The old fortified town lay in flat terrain on the River Morava. Autumn was just beginning. I roamed along the rounded cobblestones. In the park, begonias and dahlias bloomed in the flowerbeds and two old ladies in folk costume sat on a bench. The defence lawyer had the face of a genial Mickey Mouse. He invited me to the local coffee-house and repeated the joyful news he had already sent us: that the prosecutor would only be indicting Father under ‘para 135’ which virtually guaranteed his release (though he was sure he didn’t need to explain that to me). The maximum penalty possible was three years’ imprisonment and my father had already served twenty-two months on remand, but the court was unlikely to exceed half the maximum. That’s what he was hoping to achieve; after all my father was a first offender and moreover he had resistance activity to his credit. Every so often, the defence counsel would glance over to the neighbouring table though it was as yet unoccupied. Even so, he lowered his voice until he was scarcely audible. He started to complain, telling me how things were difficult for him here, sometimes as many as twenty cases a month. He had received the brief for Father’s case only a week ago: all nine hundred pages of it! But it was a blessing that the times had improved. It was not so long ago that sentences of ten and even fifteen years were handed down for things like this. What did he mean by ‘things like this’? He smiled at my question.
I said I knew my father, and it was inconceivable to me that he might fail to fulfil his duty, let alone deliberately neglect it.

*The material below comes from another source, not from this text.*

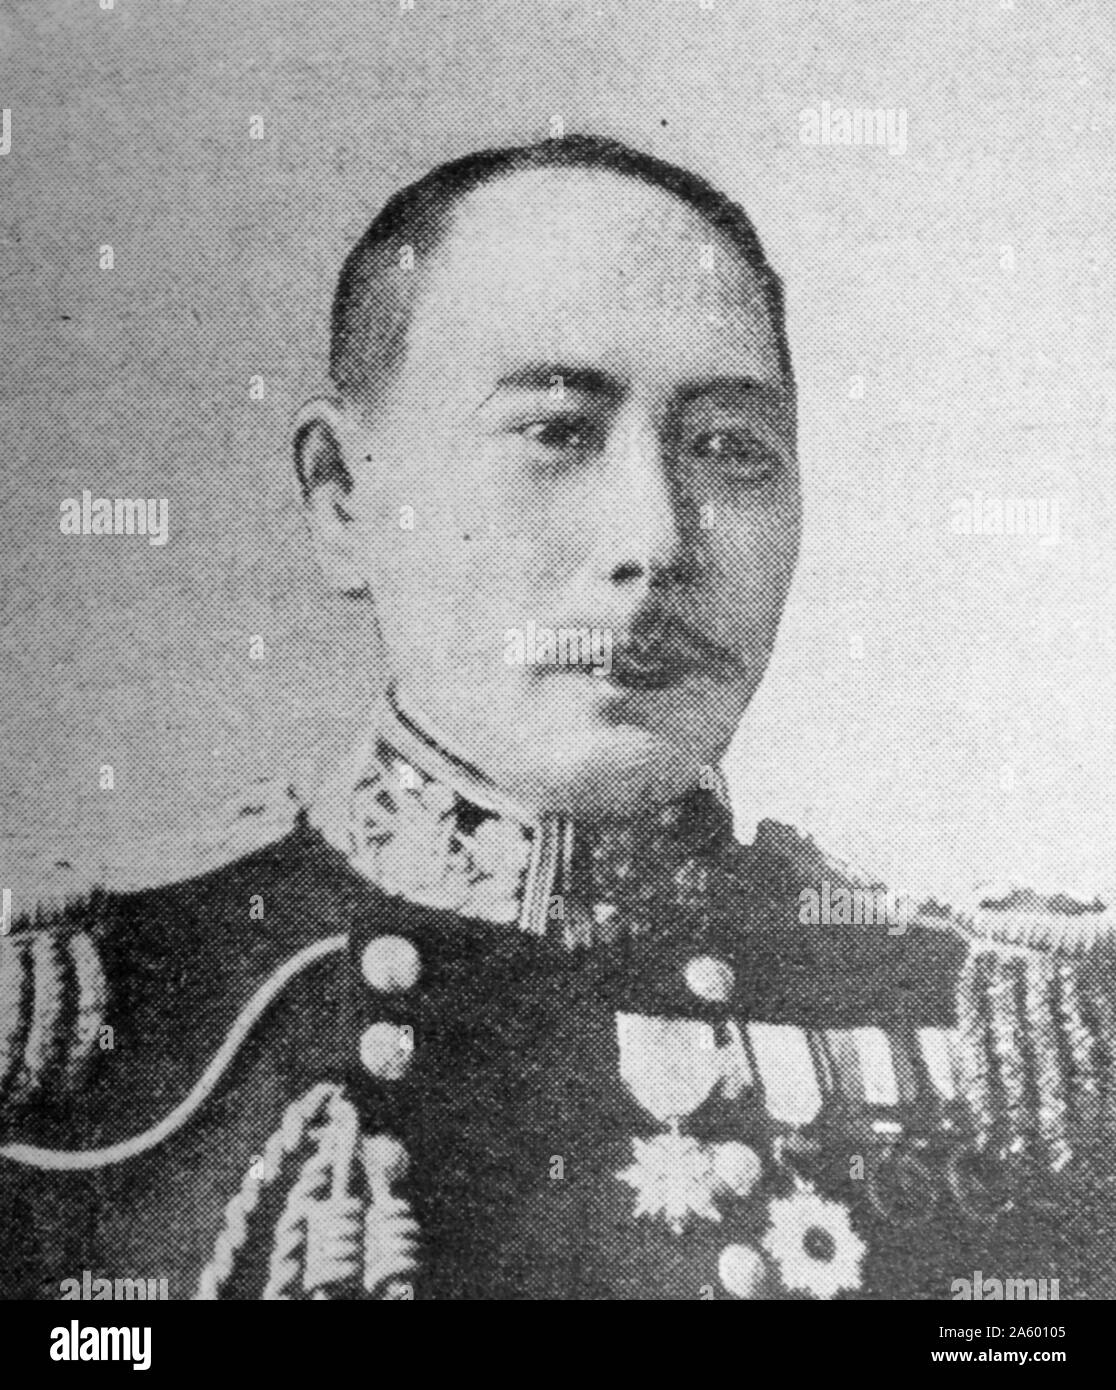 Portrait photographique de Kamimura Hikonoj ? (1849-1916) un amiral de la Marine impériale japonaise plus tard commandant la 2ème IJN flotte au cours de la guerre russo-japonaise, notamment à la bataille d'Ulsan et de Tsushima. Banque D'Images

My father was a remarkable man and no one could even imagine just how much he loved his work and how much time he devoted to it . . . I realised how trite my words were and how shallow my portrait of Father; they could have fitted anyone. At that, the counsel leaned over so far that his mouth almost touched my face and whispered: But my dear colleague, you know very well that what you say is totally immaterial. How can one talk about innocence or guilt in the present climate!
The next day I got up at about five, slipped out of the hotel and made for the prison. The streets were empty. Beyond a high wall rose the grey, gloomy walls of the prison itself. I had no idea which was the window of Father’s cell, and that wasn’t what mattered. His could be any one of them. Suddenly I realised the complete absurdity of Father being there. I strained to catch any sounds from inside but the windows were too far away for any to reach my ears.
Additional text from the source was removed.